Ефросинья подступила с расспросами к Алёне, которая сама недавно родила сына от Игоря и вроде бы как вступила в княжескую семью.
— Я-то думала, что ты в моей спальне хозяйничаешь, а это, оказывается, не так. Что за мадьярка? Откуда взялась?
— Князь из похода привёз, — ответила Алёна. — По слухам, ему её Кончак подарил. Жужой кличут.
Ефросинья усмехнулась:
— Чудное имя! Как будто пчелиное.
— Она и смахивает на пчёлку, мадьярка эта, — сказала Алёна. — Весь день порхает по терему, не присядет ни разу. Жужа князю нашему и служанка, и наложница, и кухарка, и знахарка. Скоро, чаю, главной советчицей станет.

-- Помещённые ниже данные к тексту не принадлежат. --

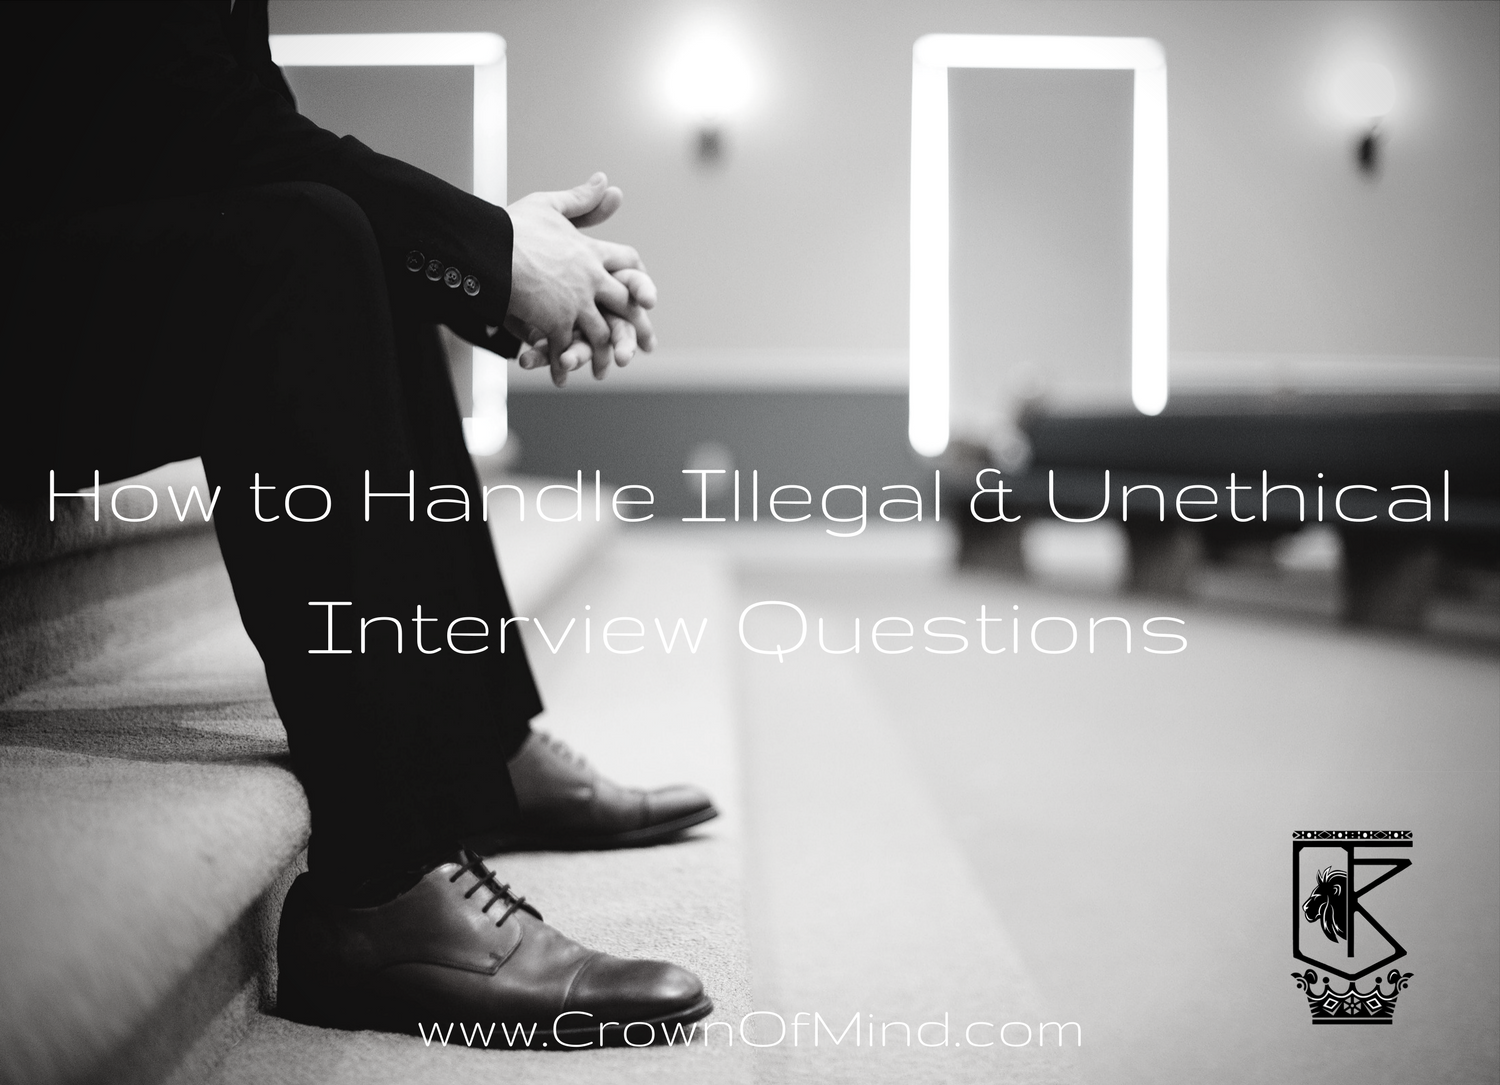 How to Handle Illegal & Unethical Interview Questions

— Ты-то ладишь с ней? — поинтересовалась Ефросинья.
— Я при детях состою и воли не меньше мадьярки имею, — горделиво ответила служанка. — Князь к сыновьям Жужу не подпускает, ибо по-русски она плохо разумеет.

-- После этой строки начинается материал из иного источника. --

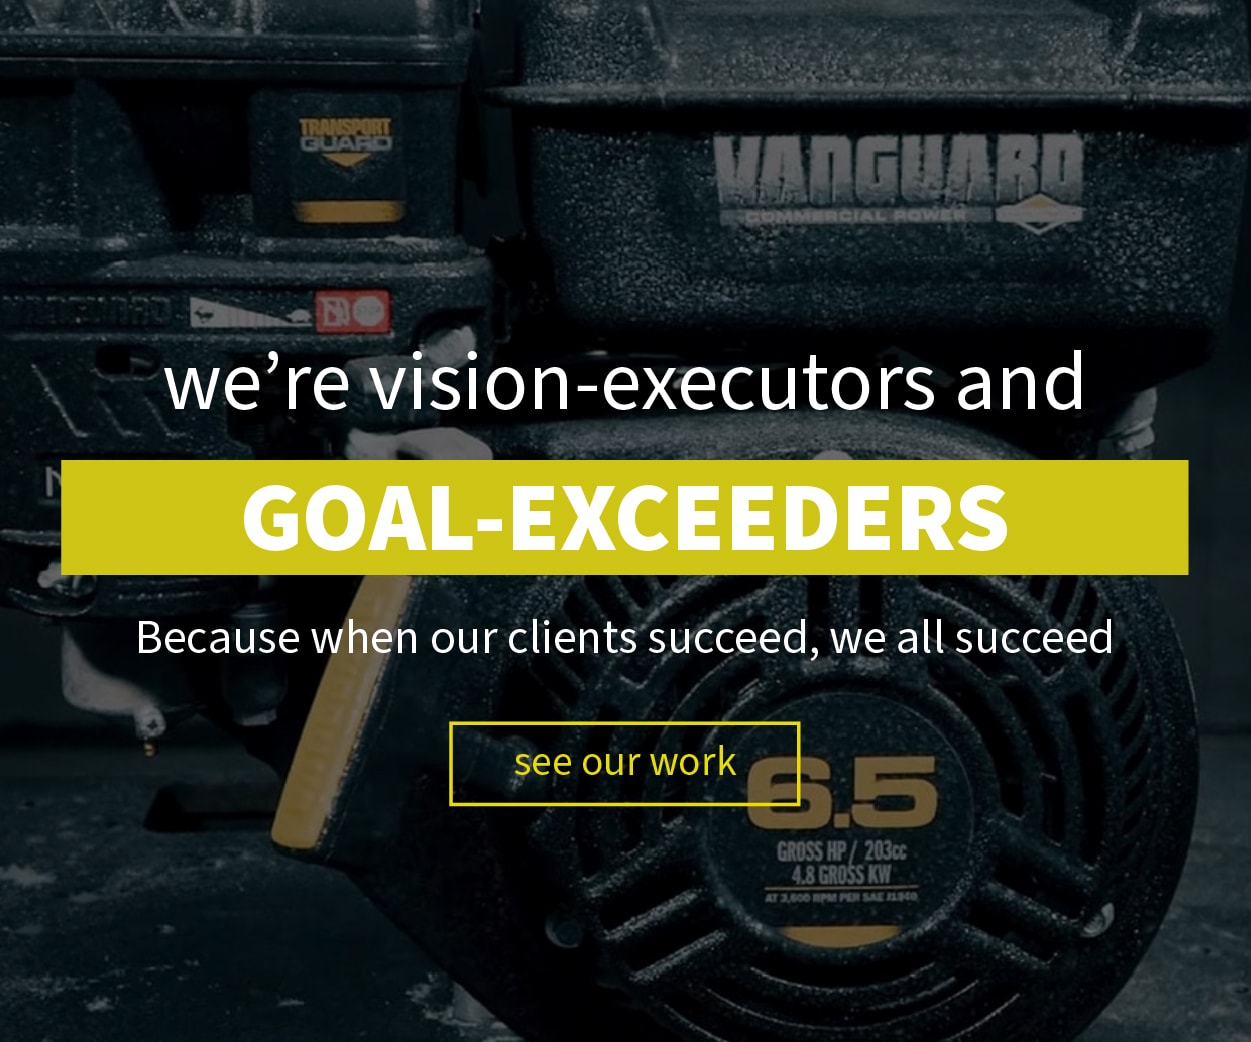 we're vision-executors and GOAL-EXCEEDERS. Because when our clients succeed, we all succeed.

— Муж мой всё так же с холопками путается?
— Жужой он увлечён, на шаг от себя её не отпускает. Вот как мадьярка его приворожила!
— Она красивая?
— К сожалению, — вздохнула Алёна.
— Неужто красивее тебя?
— Лицом вроде бы не красивее, — пожала плечами половчанка, — но очи у неё колдовские. Как взглянет, так у князя руки к ней и тянутся.
Ефросинья задумалась: значит, не тоскует без неё Игорь.
— У тебя-то с Вышеславом как? — осторожно спросила Алёна, знавшая о сердечных порывах княгини от неё самой.
— Да никак, — отмахнулась Ефросинья.
— Ну и зря, — осуждающе произнесла половчанка. — Не теряла бы ты время даром. Неужто тело своего не просит?
Ефросинья опустила глаза, боясь, что Алёна по ним всё прочтёт.
— Не теряйся, милая моя! — твёрдо сказала Алёна, взяв Ефросинью за руку. — Счастье женщины не только в детях, поверь.
— Боюсь я кары Господней, — призналась Ефросинья.
— Рождение ребёнка тоже грех, госпожа. Тем не менее никто из жён рожать не отказывается, — с лукавым выражением лица заметила Алёна. Она подтолкнула Ефросинью локтем: — Вышеслав-то поглядывает на тебя?
— По глазам его вижу, что желанна я ему, — прошептала та в ответ и обняла Алёну. — Мочи нету тёр петь эту муку!
Странное двойственное чувство владело Ефросиньей с той поры, как она поселилась в Путивле. Здесь всё ей было знакомо. Старый терем с покосившимся крыльцом и просевшими полами в некоторых светлицах второго яруса напомнил княгине пору юности, когда она приехала сюда с мужем, переполненная счастьем первых брачных ночей.
Здесь она родила троих сыновей. Отсюда провожала Игоря в первый поход...
Терем был всё тот же: со скрипучими дверями, с мышиной вознёй в тёмных углах, с грубыми росписями на стенах и толстых дубовых колоннах, поддерживающих своды.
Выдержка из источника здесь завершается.